Cuando supe que un empleado de penales había sobrevivido a la


masacre de Lurigancho, logré que el ex director de prisiones, Miguel
González del Río, una persona respetada por ellos, nos
acompañara a la casa de aquél, en el Rímac. Ahí venciendo la
memoria de horror que lo aplastaba, el ex rehén nos contó toda la
historia de la feroz matanza de más de cien presos rendidos. La
precisión de los detalles, la claridad del recuento fue confirmada
después en gran parte por otros testigos.

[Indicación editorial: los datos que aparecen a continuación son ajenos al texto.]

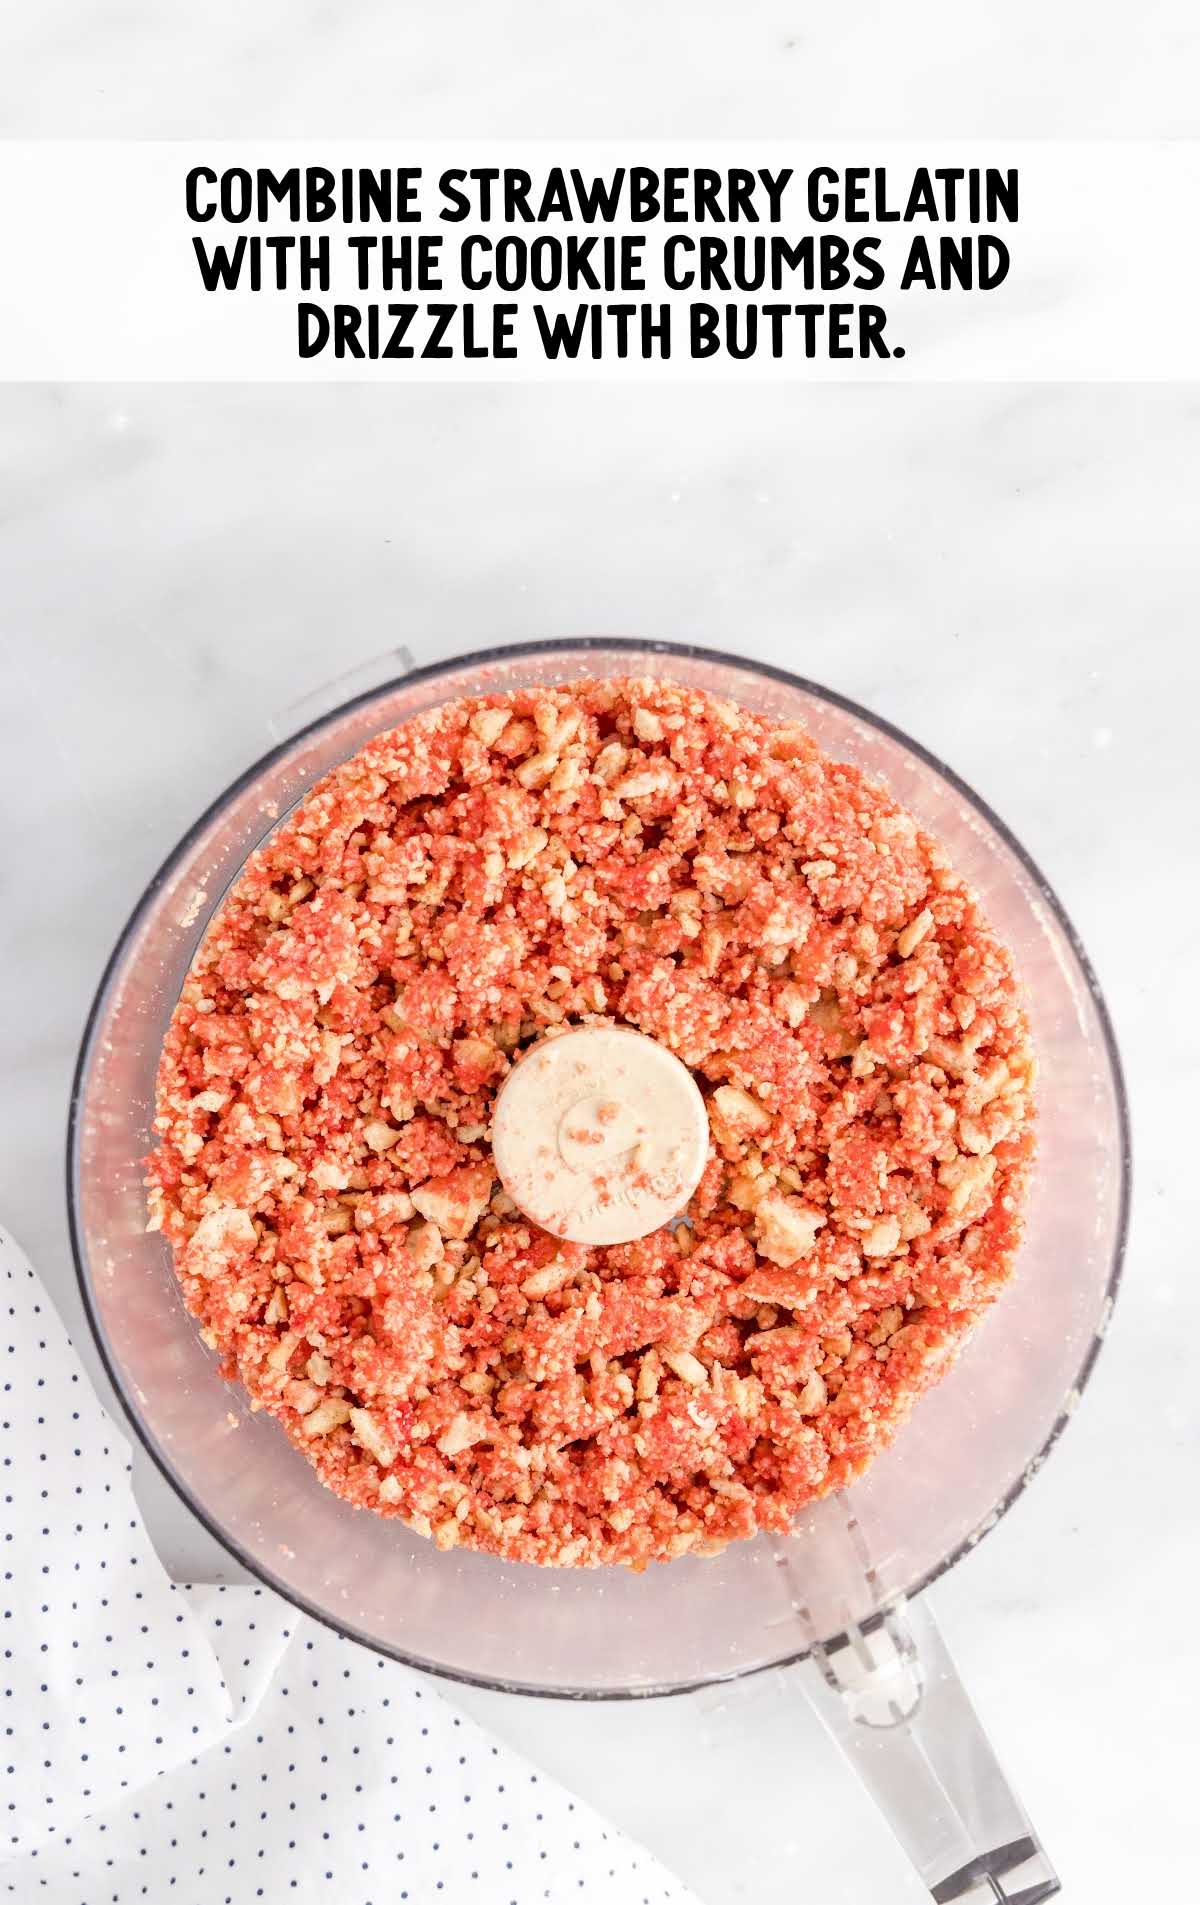 strawberry gelatin combined with cookie crumbs and drizzled with butter in a bowl

Fue entonces que publicamos “el motín, la batalla y la matanza”,


que reveló la increíble barbarie ejecutada al sofocar los motines. El
presidente García supo lo que íbamos a publicar antes de que
saliera y, puede que por eso o por otras razones además, prometió
en Lurigancho aquel “o se van ellos o me voy yo” que ya se sabe en
qué quedó. Pero el reportaje exhaustivo, la verificación permitió
descubrir en muy poco tiempo la realidad del peor escenario de
matanza.

Luego del caso Langberg, y mientras esa investigación continuaba,


empecé a desarrollar el caso Rodríguez López, en el que –salvo la
actuación de un agente doble, que descubrí solo al final– tuve claro
a los pocos meses, la dimensión corrupta de esa inmensa
organización narcotraficante que, en el gobierno de Belaunde, llegó
a tener bajo su control, entre otros, a la Policía de Investigaciones, a
parte de la Guardia Civil, a un ex jefe del SIN y, también, al asesor
principal del ministro del Interior y luego primer ministro, Luis
Percovich.

Fue una investigación muy compleja y difícil, en la que la distancia


entre certeza y prueba era grande (como sucede ahora con varios
otros casos). Seguimos trabajando, casi tres años, por obtener la
prueba, hasta que fue posible hacerlo, gracias al encuentro feliz del
progreso investigativo con el azar. En pocos días se cosechó el
trabajo de varios años, y –gracias en gran medida a haber contado
con otro valiente fiscal de la Nación: César Elejalde– la prueba
periodística fue inmediatamente cosechada por la Fiscalía. Cada
cosa que se publicó, por extraordinaria que pareciera, estuvo
probada, corroborada, verificada. Si no, no se hubiera publicado.

A finales de 1986, nos informaron en la revista que lo que se había


presentado como un enfrentamiento en los pueblos de Parcco y
Pomatambo, había sido en realidad una masacre. Con Nick
Asheshov, Óscar Medrano y el corresponsal en Ayacucho, Hugo
Ned, cruzamos el territorio más letal de la sierra para verificar qué
había sucedido. Reporteamos y logramos salir, intactas las fotos y
las notas. Publicamos la historia, probada y verificada; y por primera
vez en todos los años de la guerra, el Comando Conjunto reconoció
que ahí no había habido un enfrentamiento sino una masacre.
¿Valió la pena haber arriesgado la vida para descubrir y revelar la
verdad de los hechos? Por supuesto que sí.

La revista en la que aprendí lo que sé de periodismo me enseñó la


importancia vital de la verificación, de la corroboración de cada dato
y el miedo al error. Cualquier peligro era aceptable si prevenía la
equivocación.

Han pasado muchos años desde que salí de CARETAS, pero


ninguna de esas lecciones aprendidas en aquellas realidades
intensas y brutales ha sido olvidada. No podría, aunque quisiera, y
no quiero, claro está. Nadie debiera olvidarlas.